:: Provided data

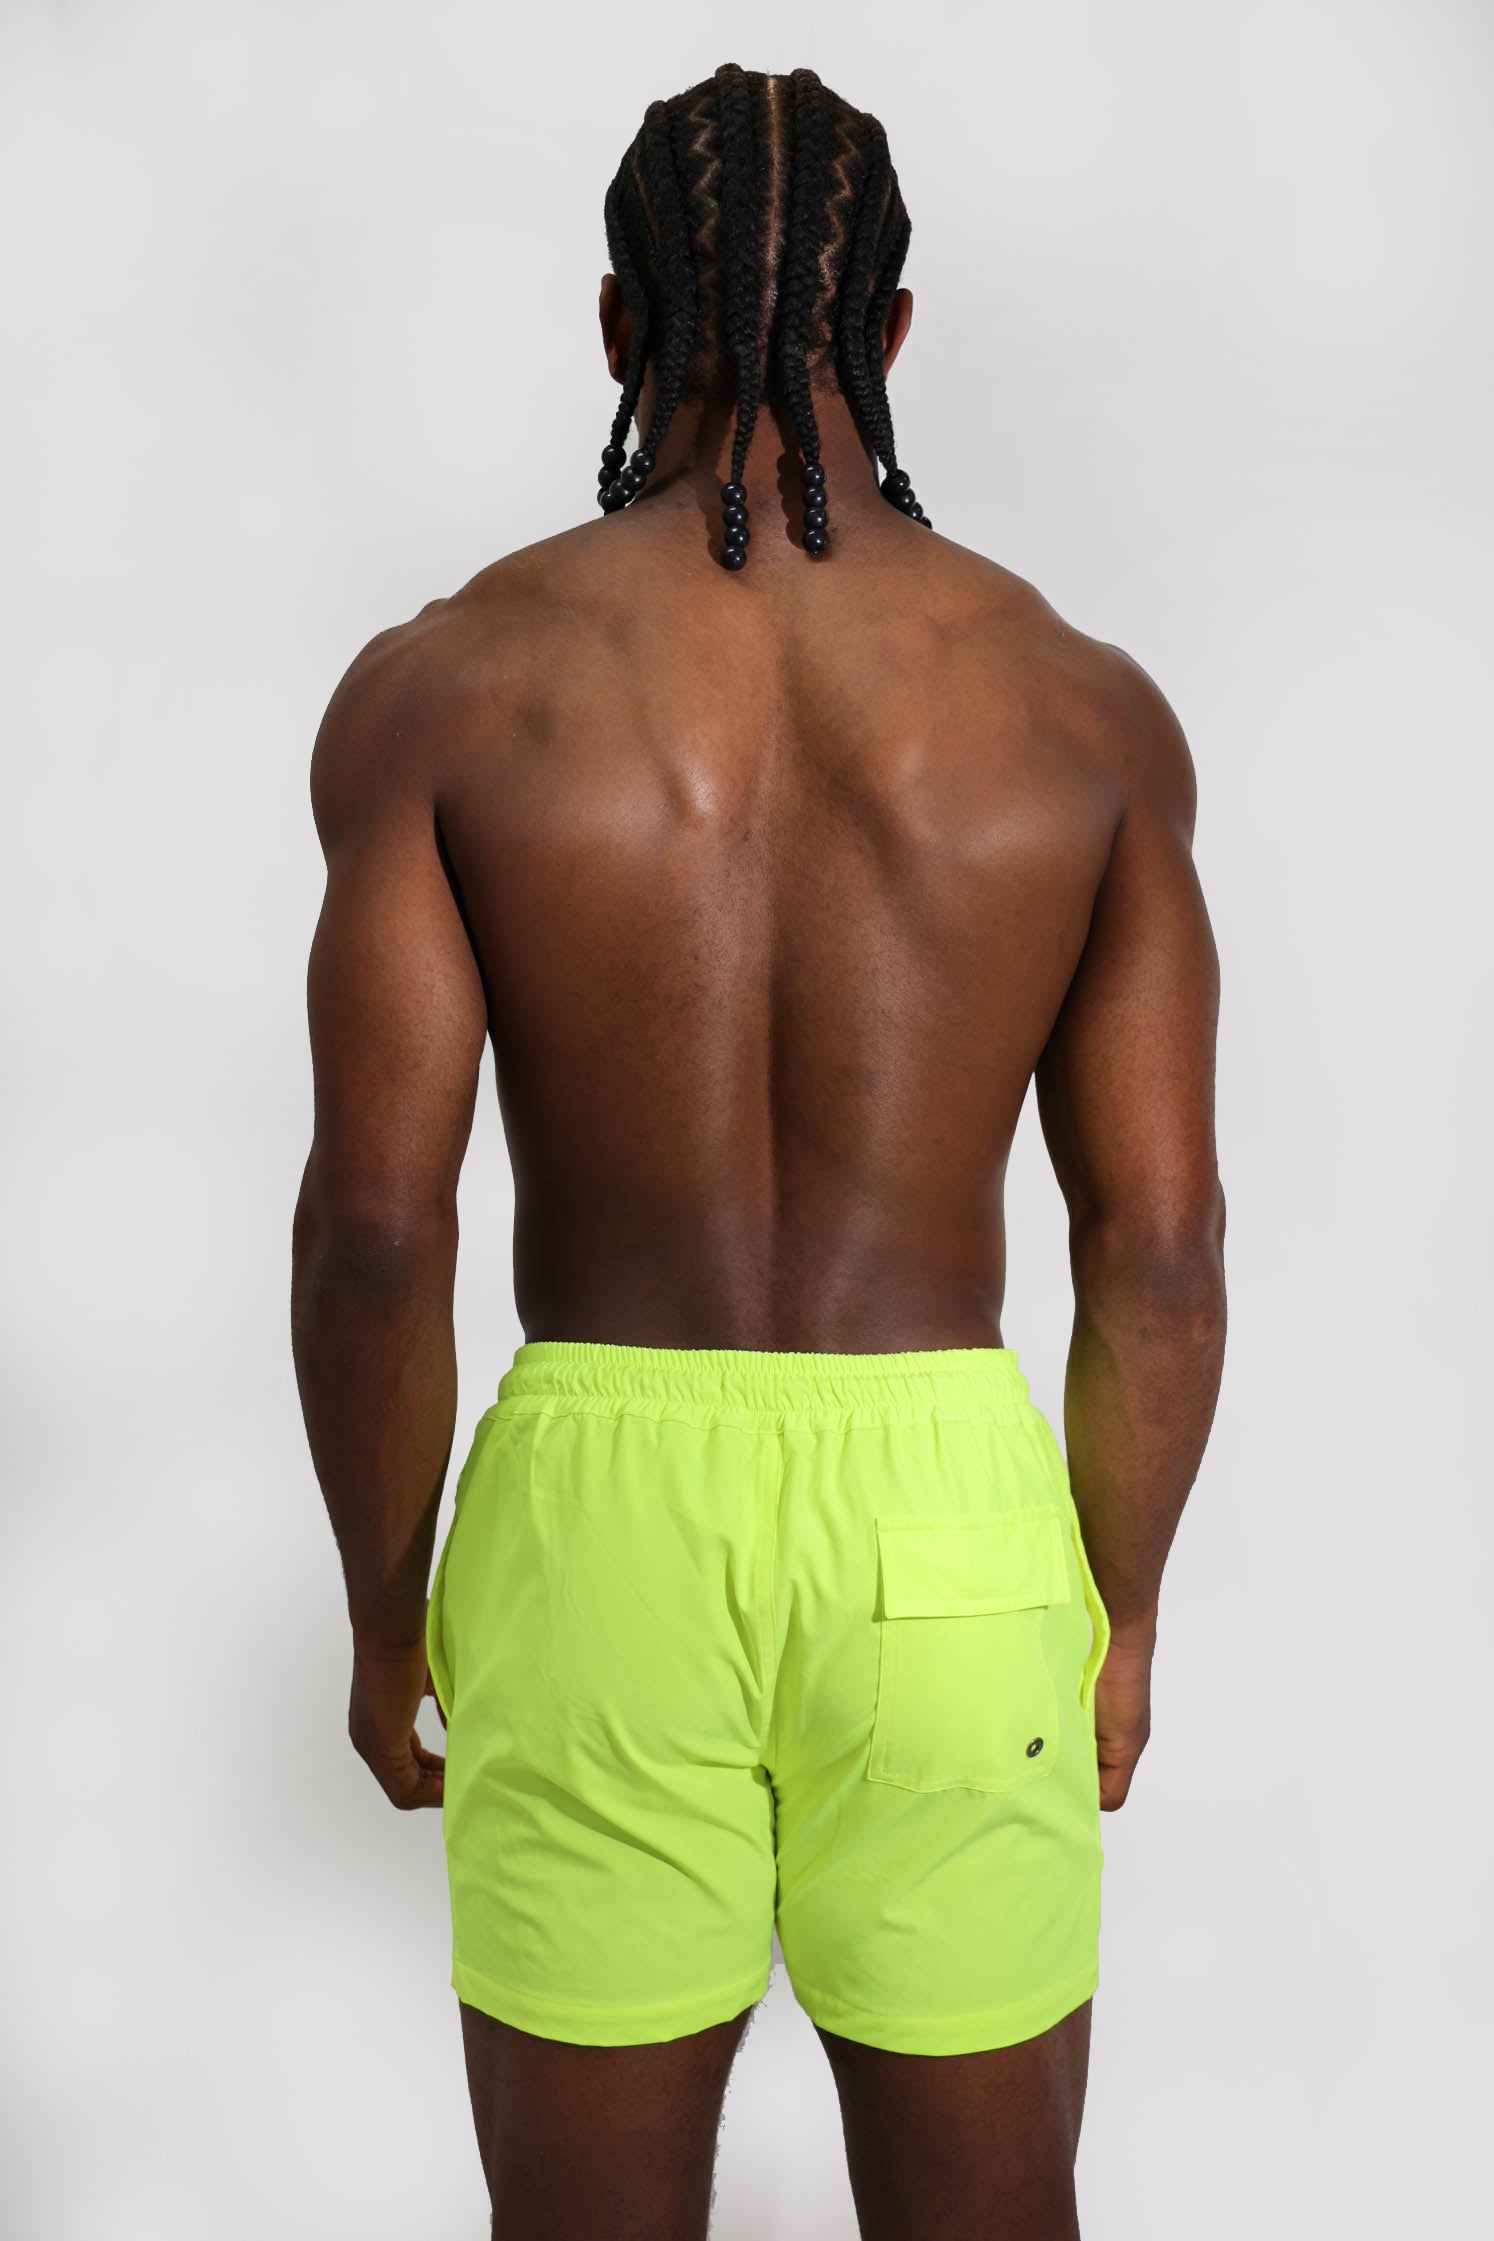 Neon Yellow Shorts 4.5"
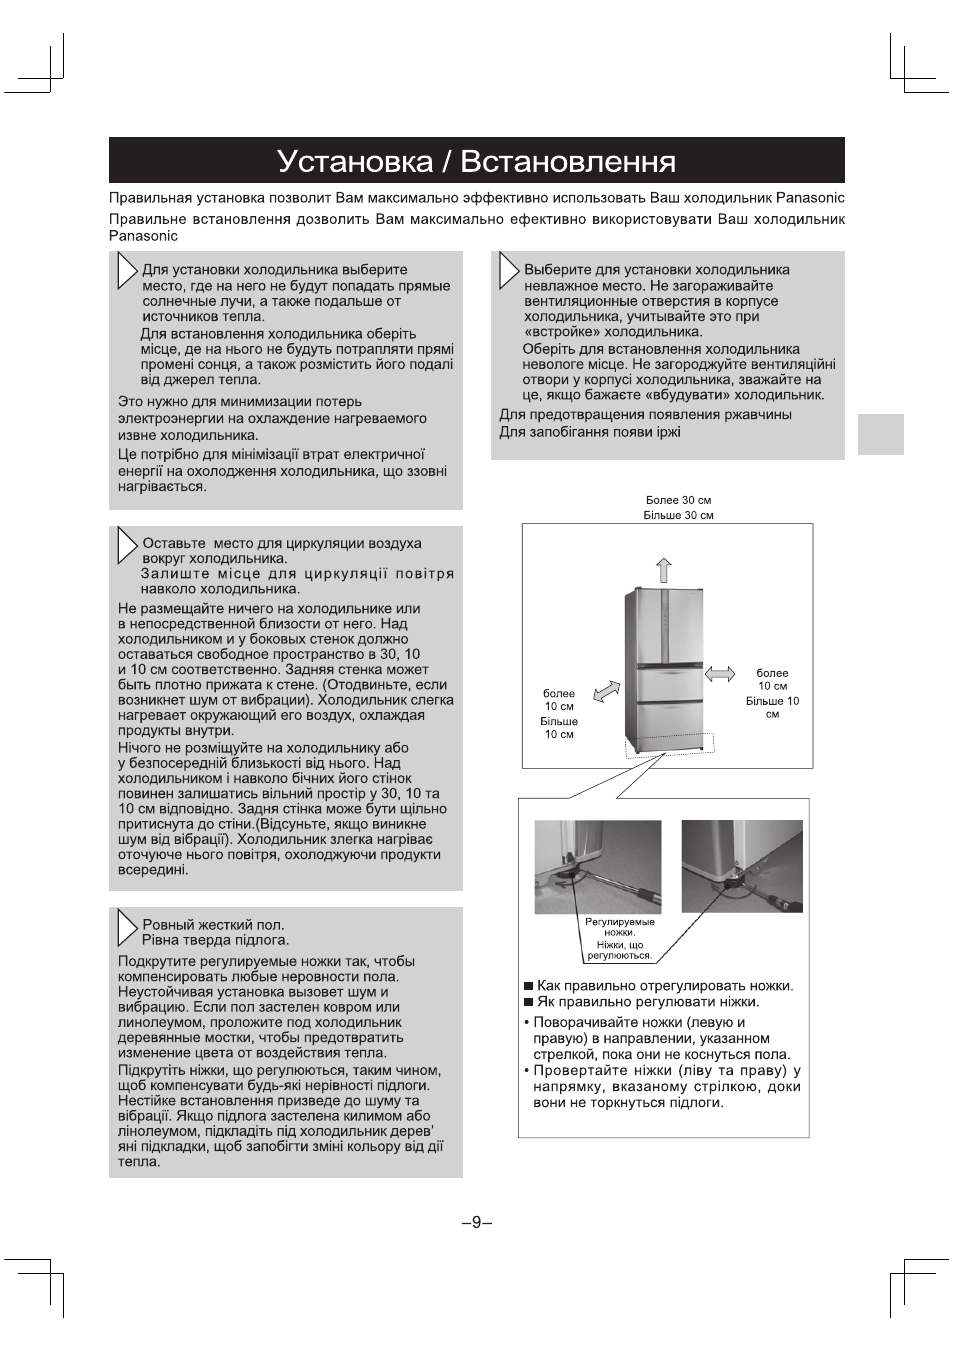 Установка / встановлення | Инструкция по эксплуатации Panasonic NR-D511 | Страница 9 / 32
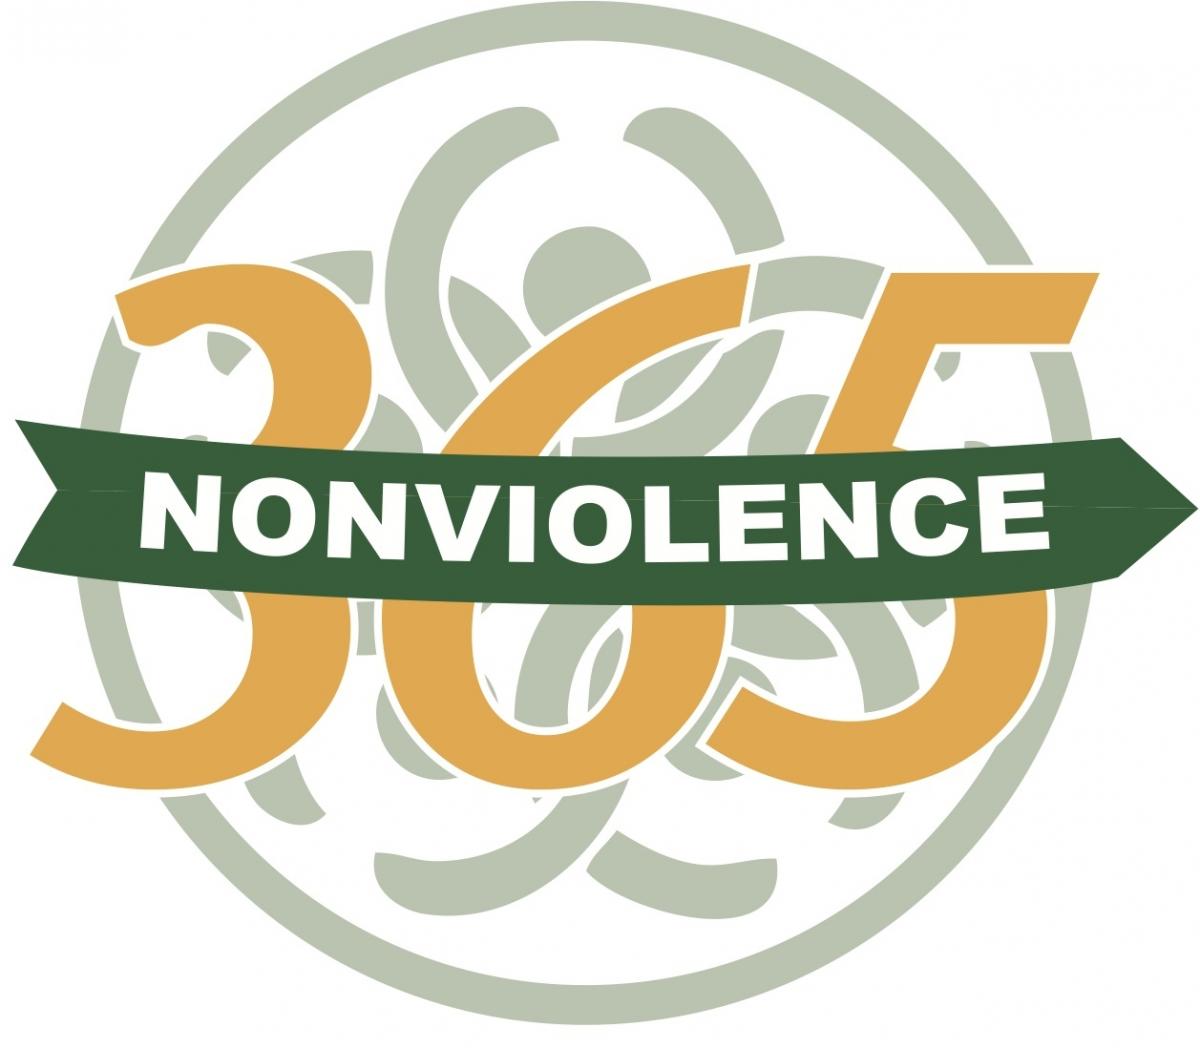 Nonviolence 365

::::

(Work task) Type the listing out again word for word, passing over each picture.

(Response)
 Neon Yellow Shorts 4.5"
 Установка / встановлення | Инструкция по эксплуатации Panasonic NR-D511 | Страница 9 / 32
 Nonviolence 365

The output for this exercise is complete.